> _REQUIRED WORK_
In the records below, find the line that contains "The Creative Curve" and the line that contains "bobo 3 2 1 delux". Set down exactly those lines and every line between them, and nothing more.

> _DATA TO USE_
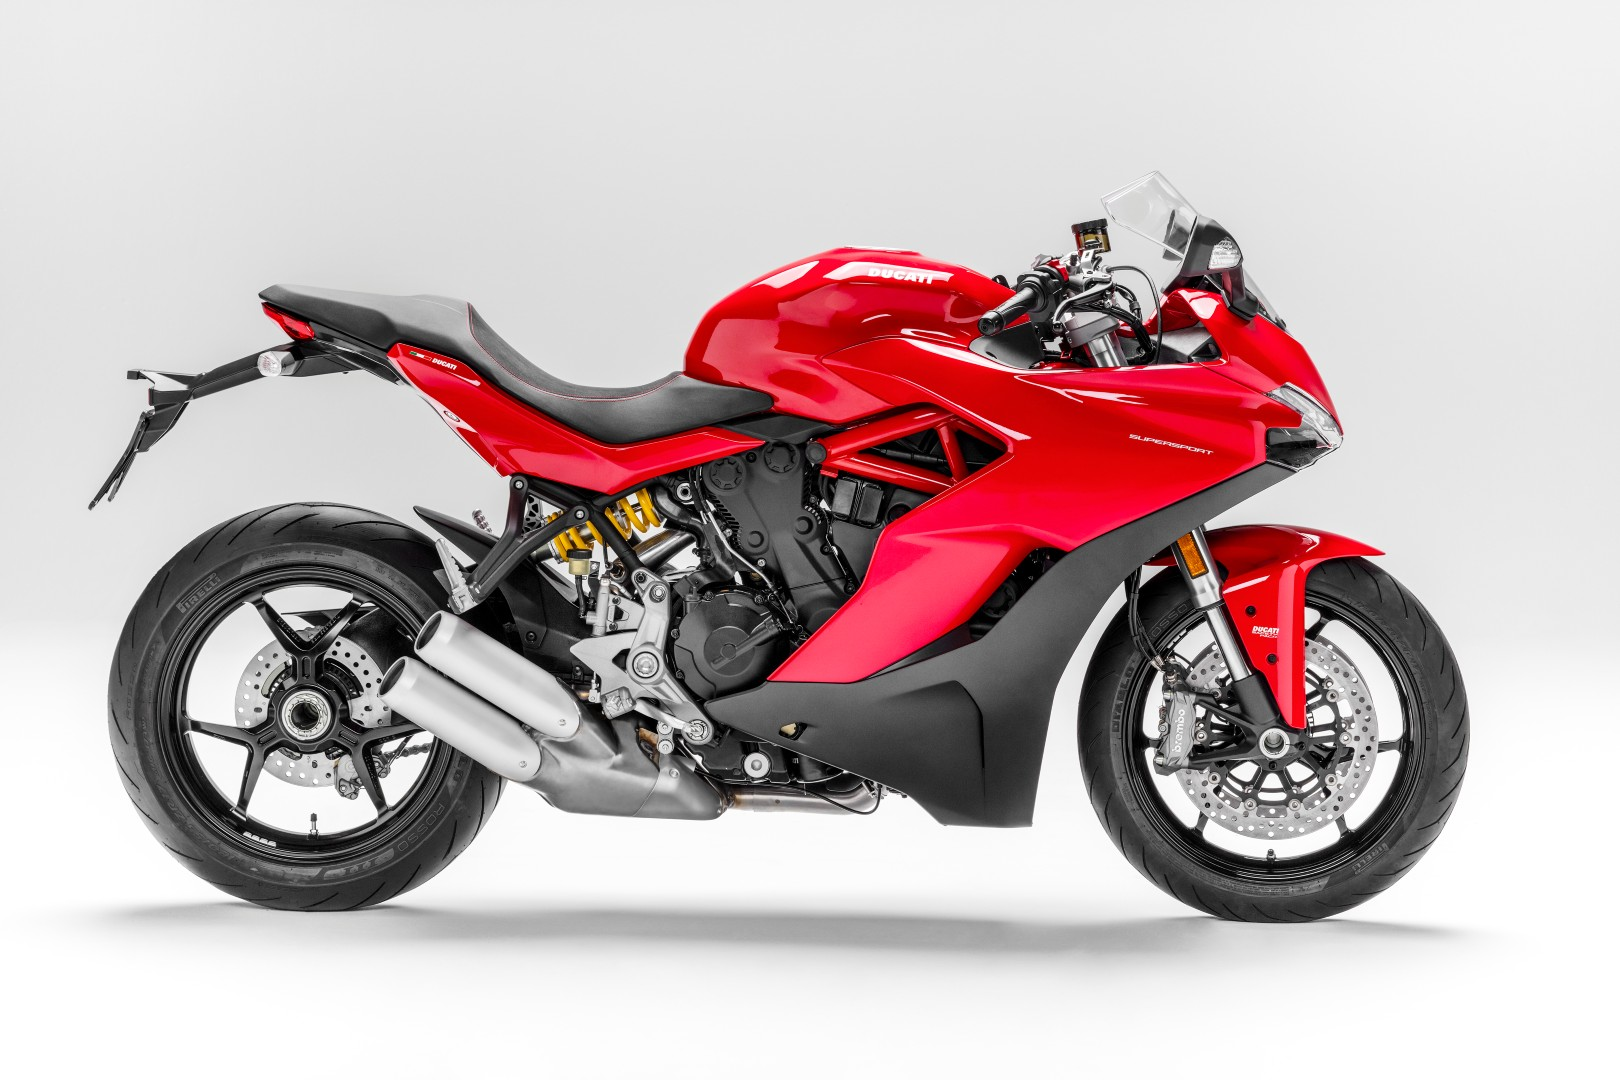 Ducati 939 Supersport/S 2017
...
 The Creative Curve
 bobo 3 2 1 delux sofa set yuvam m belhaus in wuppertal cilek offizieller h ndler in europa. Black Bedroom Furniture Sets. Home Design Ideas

> _WRITTEN SOLUTION_
 The Creative Curve
 bobo 3 2 1 delux sofa set yuvam m belhaus in wuppertal cilek offizieller h ndler in europa. Black Bedroom Furniture Sets. Home Design Ideas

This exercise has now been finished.